【補足】5-1 免疫抑制薬

 
まず、初めに免疫系の復習から。
「疫」を「免れる」(まぬがれる)と書くように、外界の異物から、自己を守るための反応が、免疫反応である。
侵入した異物は、貪食され、その情報が、ヘルパーT細胞に伝えられる。ヘルパーT細胞は、更に免疫系を活性化して、細胞免疫や液性免疫の働きで防御される。
免疫系の活性化で、重要な役割を果たすのが「サイトカイン」である。
サイトカインは、主に免疫系の細胞から分泌される低分子のタンパク質であり、細胞間の情報伝達の役割を担っている。

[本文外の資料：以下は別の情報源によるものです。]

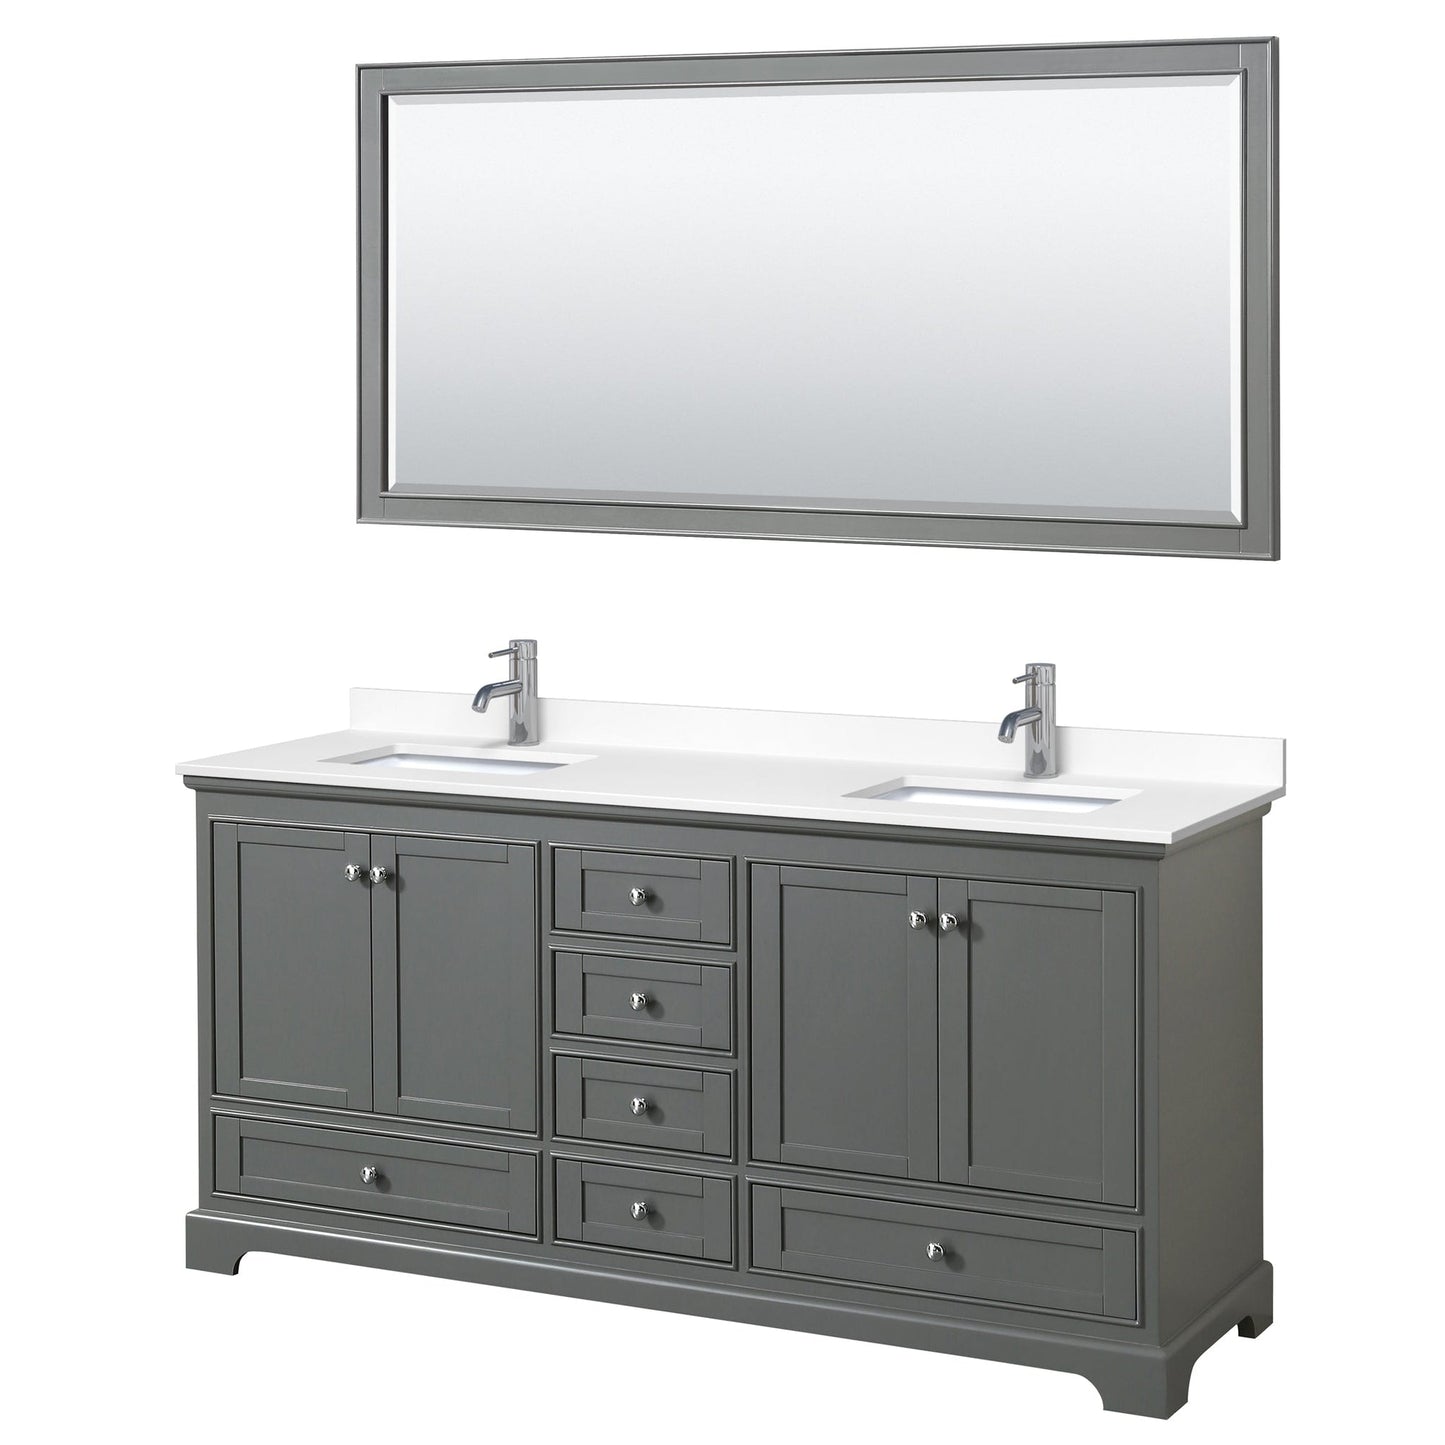 Wyndham Collection Deborah 72" Double Bathroom Vanity in Dark Gray, White Cultured Marble Countertop, Undermount Square Sinks, 70" Mirror

(参考)細胞の情報伝達に関与する物質 ・神経伝達物質:神経細胞のシナプス間での刺激伝達に関与している〔きわめて近いところで伝達〕 ・サイトカイン:免疫細胞が周囲にサイトカインを放出して、周りの細胞に影響を及ぼす〔近いところで伝達〕 ・ホルモン:ホルモンが血流で運ばれて、目的の臓器等で効果を発揮する〔遠いところにも伝達できる〕
①異物が侵入すると、自然免疫が迅速に対応する。異物を貪食し、その情報を司令塔であるヘルパーT細胞に伝える。
②ヘルパーT細胞は、サイトカインを放出し、免疫細胞を活性化させる。
活性化される免疫反応は、二つに大別できる。
③細胞障害性T細胞などが、直接、異常な細胞を攻撃する細胞性免疫
④B 細胞は形質細胞に変換し、抗体を産生する。
⑤抗体が異物を攻撃する液性免疫
免疫反応は、異物から自己を守るために必要な反応ではあるが、過剰な免疫反応は、さまざまな症状や疾患を引き起こす。
臓器移植された移植片を攻撃すると、拒絶反応が起こる。
自己を、誤って非自己であると認識して攻撃することで起こる、自己免疫性疾患。
これらの治療のために、免疫抑制薬が用いられる。
免疫抑制薬の作用機序
◯副腎皮質ステロイド薬
抗炎症作用・免疫抑制作用を持ち、臨床でもよく用いられる重要な薬である。
核内受容体に結合し、炎症・免疫作用に関する生体反応のスイッチをオフにする。
(詳細は、後述する)
◯カルシニューリン阻害薬
シクロスポリン
タクロリムス‥(日本で生まれた薬。臓器移植を成功するために非常に重要な薬)
カルシニューリンは、細胞内での情報伝達に関与している酵素であり、主に脳神経系に存在しており、免疫など、さまざまな生命現象に関与している。
ヘルパーT細胞は、サイトカインを放出して、免疫反応を活性化させる。その一つ、インターロイキン-2(IL-2)は、細胞性免疫を活性化させる。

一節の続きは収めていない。